Introduction to Gradient Descent¶

The Idea Behind Gradient Descent 梯度下降

• 假设此时山上的浓雾很大，下山的路无法确定;

• 假设你摔不死！

• 你只能利用自己周围的信息去找到下山的路径。

• 以你当前的位置为基准，寻找这个位置最陡峭的方向，从这个方向向下走。

Gradient is the vector of partial derivatives

One approach to maximizing a function is to

• pick a random starting point,

• compute the gradient,

• take a small step in the direction of the gradient, and

• repeat with a new staring point.

Let’s represent parameters as $\Theta$, learning rate as $\alpha$, and gradient as $\bigtriangledown J(\Theta)$,

To the find the best model is an optimization problem

• “minimizes the error of the model”

• “maximizes the likelihood of the data.”

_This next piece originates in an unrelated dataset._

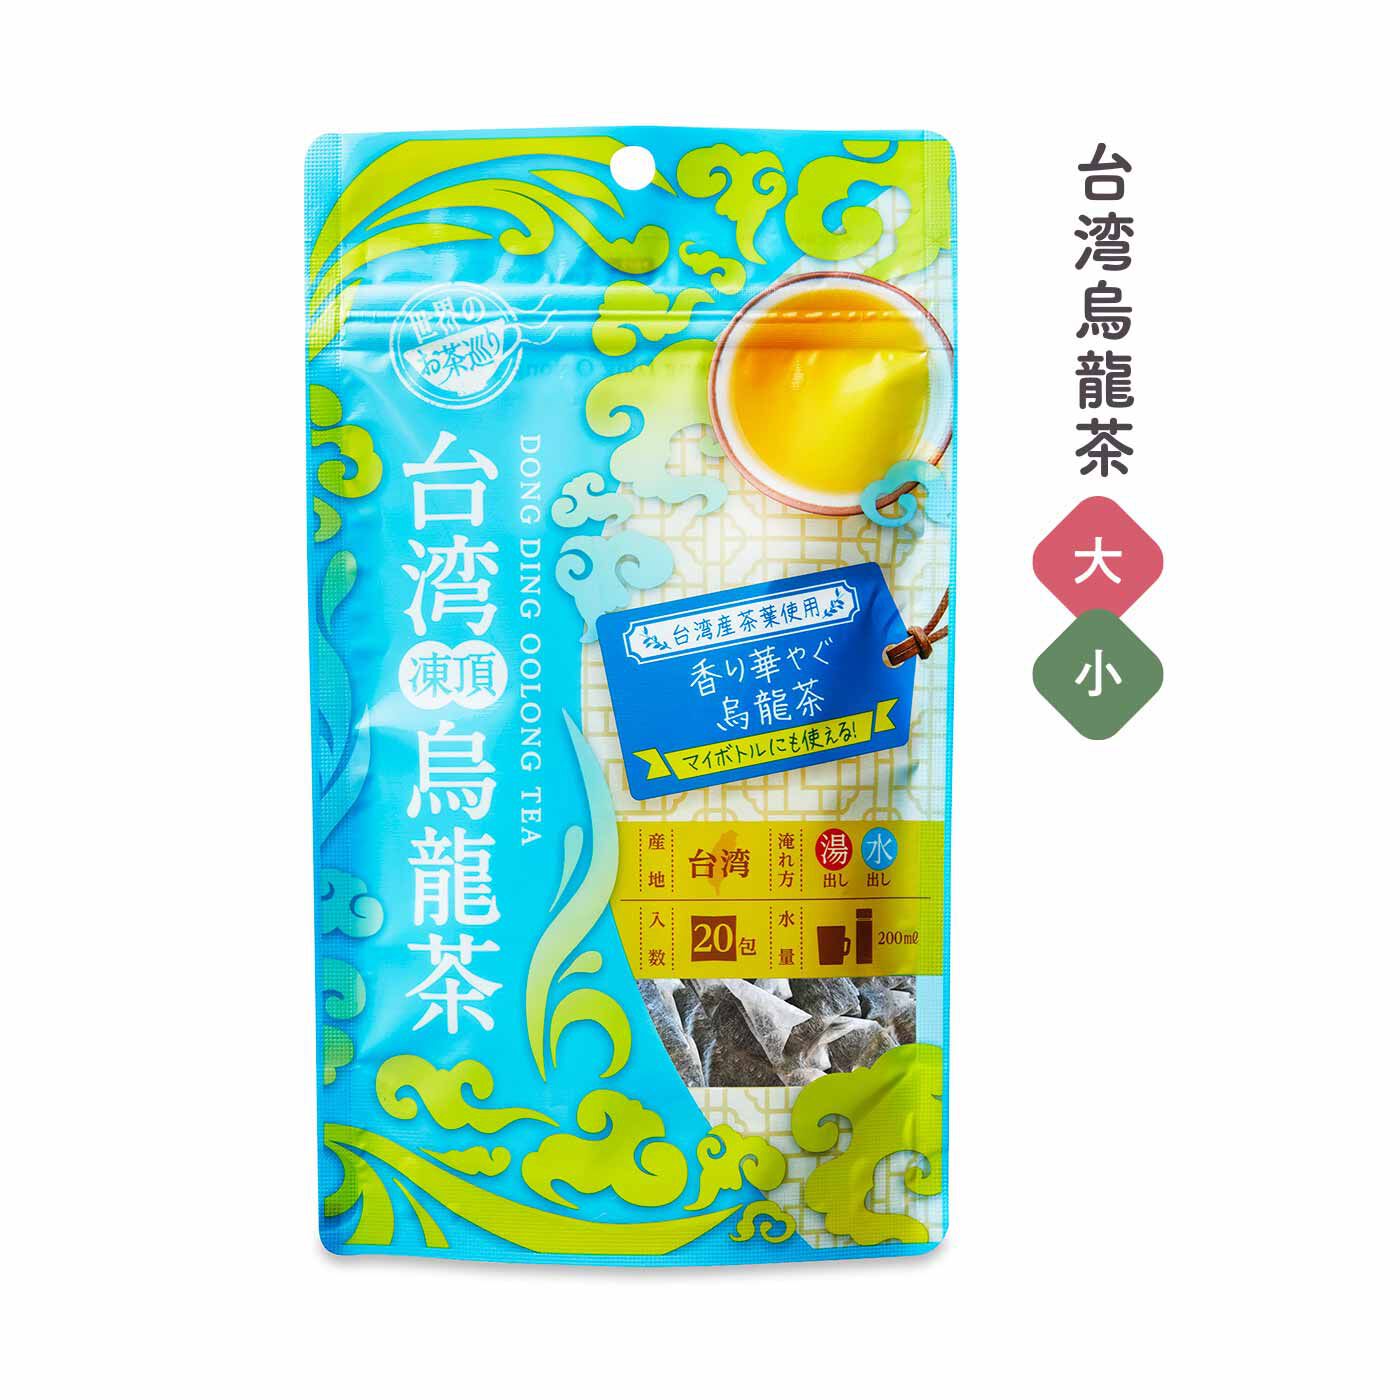 FELISSIMO PARTNERS|毎日、たっぷり楽しめるティーバッグ 世界のお茶めぐりの会（12回予約）|人気の台湾凍頂烏龍茶。薄い金色で、花の香りと優雅な風味が特長です。
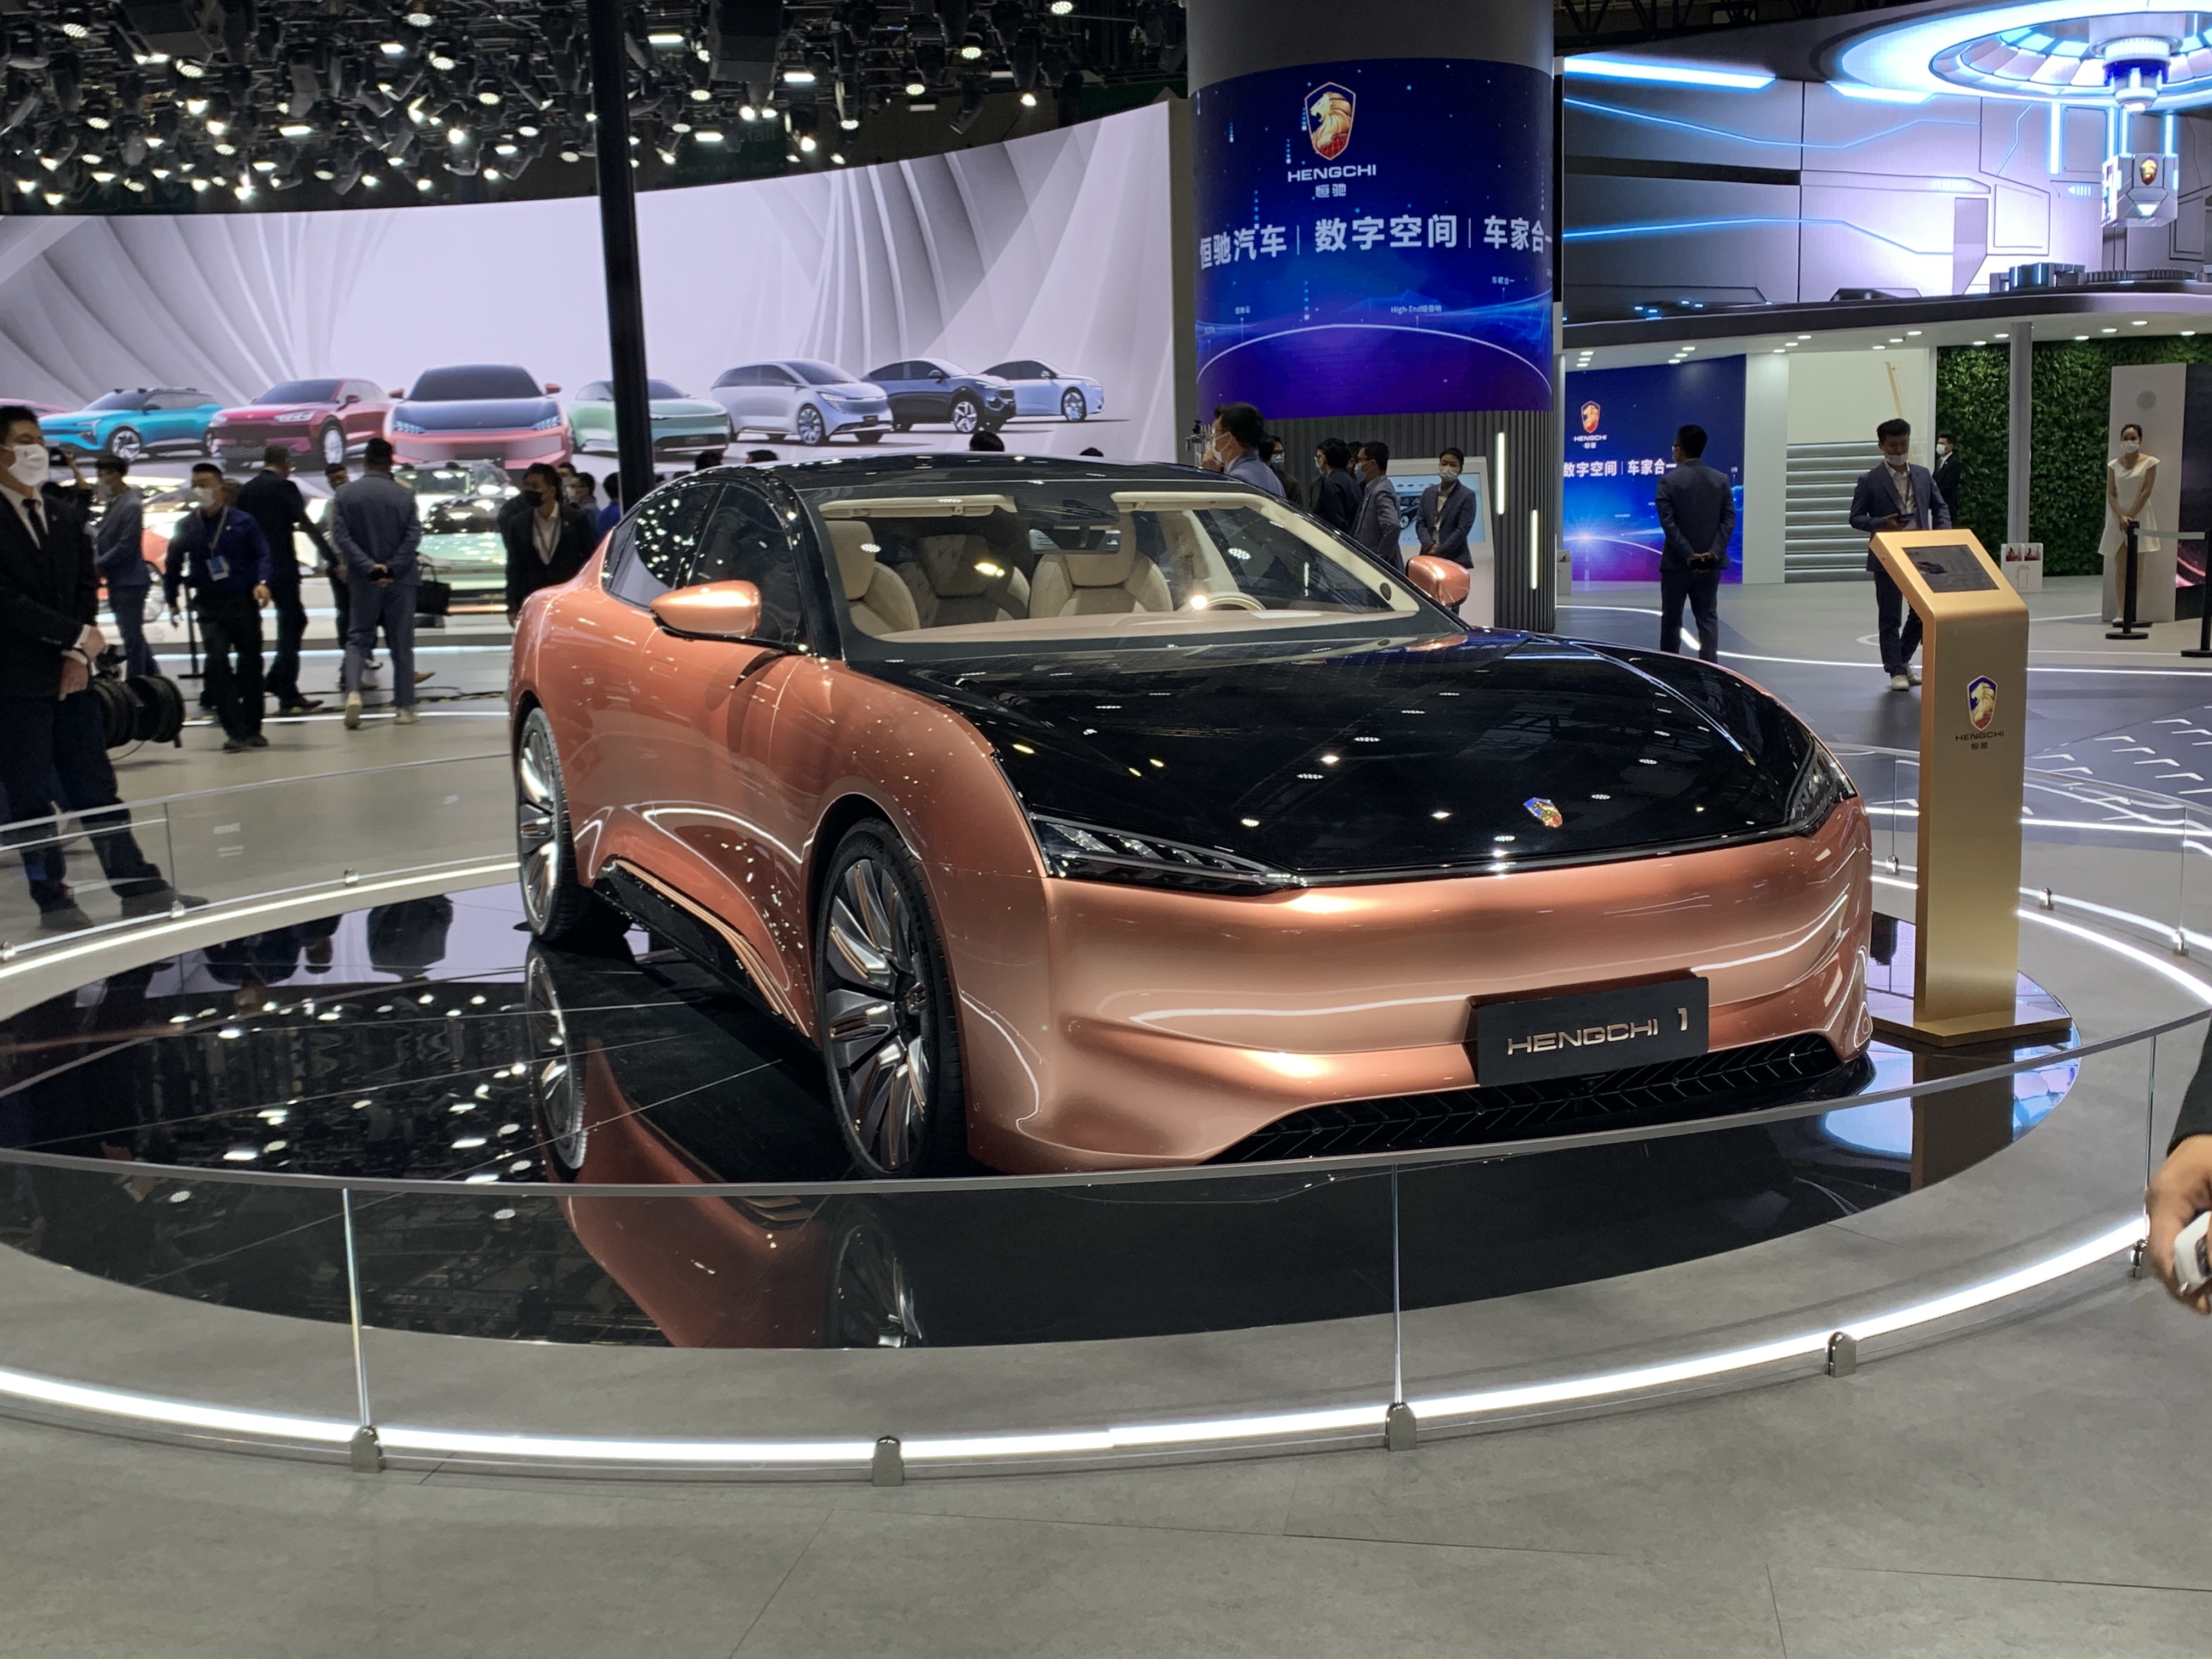 2021上海车展恒驰1最新版本正式亮相恒大汽车的首款大型轿车

We’ll frequently need to maximize (or minimize) functions.

• to find the input vector v that produces the largest (or smallest) possible value.

Mathematics behind Gradient Descent¶

A simple mathematical intuition behind one of the commonly used optimisation algorithms in Machine Learning.

https://www.douban.com/note/713353797/

The cost or loss function:

$$Cost = \frac{1}{N} \sum_{i = 1}^N (Y’ -Y)^2$$

Parameters with small changes: $$m_1 = m_0 - \delta m, b_1 = b_0 - \delta b$$

The cost function J is a function of m and b:

$$J_{m, b} = \frac{1}{N} \sum_{i = 1}^N (Y’ -Y)^2 = \frac{1}{N} \sum_{i = 1}^N Error_i^2$$

$$\frac{\partial J}{\partial m} = 2 Error \frac{\partial}{\partial m}Error$$

$$\frac{\partial J}{\partial b} = 2 Error \frac{\partial}{\partial b}Error$$

Let’s fit the data with linear regression:

$$\frac{\partial}{\partial m}Error = \frac{\partial}{\partial m}(Y’ - Y) = \frac{\partial}{\partial m}(mX + b - Y)$$

Since $X, b, Y$ are constant:

$$\frac{\partial}{\partial m}Error = X$$

$$\frac{\partial}{\partial b}Error = \frac{\partial}{\partial b}(Y’ - Y) = \frac{\partial}{\partial b}(mX + b - Y)$$

Since $X, m, Y$ are constant:

$$\frac{\partial}{\partial m}Error = 1$$

Thus:

$$\frac{\partial J}{\partial m} = 2 * Error * X$$ $$\frac{\partial J}{\partial b} = 2 * Error$$

Let’s get rid of the constant 2 and multiplying the learning rate $\alpha$, who determines how large a step to take:

$$\frac{\partial J}{\partial m} = Error * X * \alpha$$ $$\frac{\partial J}{\partial b} = Error * \alpha$$

Since $m_1 = m_0 - \delta m, b_1 = b_0 - \delta b$:

$$m_1 = m_0 - Error * X * \alpha$$

$$b_1 = b_0 - Error * \alpha$$

Notice that the slope b can be viewed as the beta value for X = 1. Thus, the above two equations are in essence the same.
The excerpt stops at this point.